Rithm Capital has maintained its $0.25 quarterly dividend since 2023. Its diversified business model, encompassing mortgage servicing rights, loan origination, and asset management, delivered a 19% full-year EAD return on equity in 2025. While the company faces integration risks from acquisitions made in late 2025, these have not yet impacted dividend payouts.
Conversely, Blackstone Mortgage Trust presents the most significant income concern within the ETF. In the third quarter of 2024, the company slashed its quarterly dividend by 24%, from $0.62 to $0.47. Throughout all four quarters of 2025, its GAAP EPS consistently failed to cover the reduced $0.47 dividend. Although management argued that distributable EPS, excluding CECL charge-offs, reached $0.51 in Q4 2025, effectively covering the payout, the company's book value per share has diminished. Furthermore, its 20% exposure to office loans poses a substantial risk amidst an unpredictable commercial real estate market, rendering its $0.47 dividend fragile.

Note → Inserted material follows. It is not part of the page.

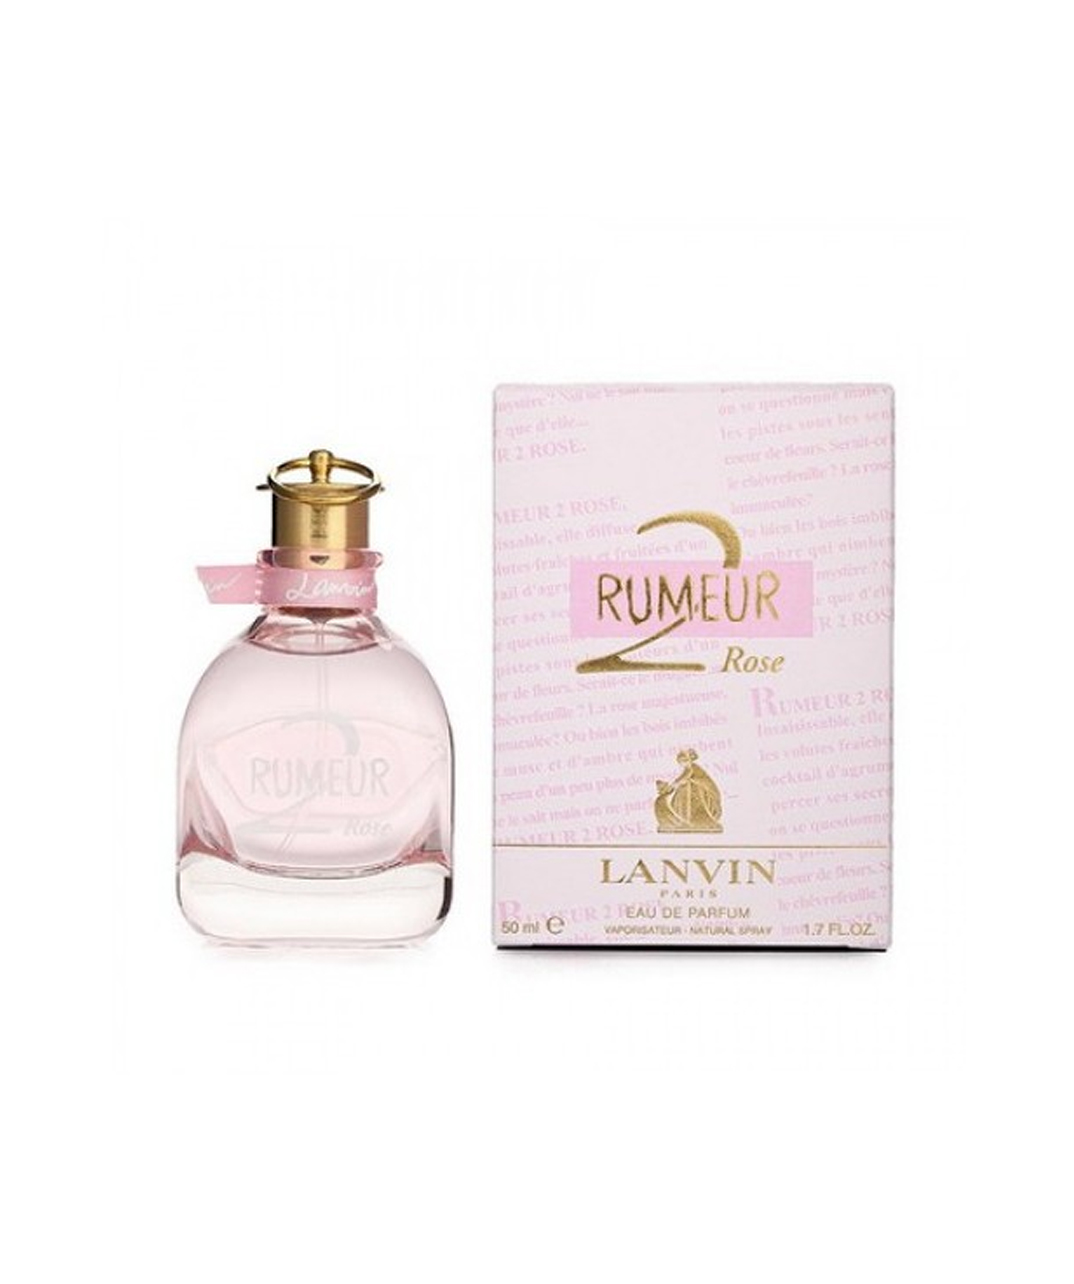 Perfume «Lanvin» Rumeur 2 Rose, for women, 50 ml

Despite the vulnerability of Blackstone Mortgage Trust, its relatively minor allocation within the ETF mitigates its potential to destabilize the overall income stream. The ETF's price has seen a considerable increase of approximately 27% over the last year, suggesting that the yield has contributed to genuine gains. Recent federal funds rate cuts in late 2025, bringing the rate to 3.75%, have lowered borrowing costs for leveraged mREIT portfolios. The 10-year Treasury yield, hovering around 4.3%, and a 0.5% yield curve spread continue to offer support, even with some compression from earlier highs.
This detailed analysis underscores that while the REM ETF's 9.55% yield is largely sustainable, investors must remain vigilant. Mortgage REIT dividends are inherently sensitive to interest rate fluctuations and credit cycles. Therefore, treating this fund as a risk-free bond alternative would be a misjudgment of its underlying structure and potential market sensitivities.
Navigating High-Yield Investments: Balancing Opportunity and Risk
This deep dive into the iShares Mortgage Real Estate ETF (REM) offers a crucial lesson for investors: high yields, while attractive, always warrant meticulous scrutiny. The case of REM vividly illustrates the importance of understanding the individual components of a diversified fund. While the collective strength of Annaly and AGNC provides a solid foundation for REM's impressive dividend, the fragility of Blackstone Mortgage Trust's payout serves as a potent reminder that even within a seemingly robust portfolio, risks can linger. This highlights the necessity of looking beyond headline numbers and delving into the fundamental health of each holding. Furthermore, the analysis emphasizes the dynamic nature of financial markets; changes in interest rates and economic conditions can significantly impact the sustainability of income-generating assets. For investors, this means maintaining ongoing vigilance and adapting strategies to evolving market landscapes, rather than assuming past performance guarantees future returns. Ultimately, true investment wisdom lies in balancing the pursuit of attractive yields with a thorough comprehension and mitigation of associated risks.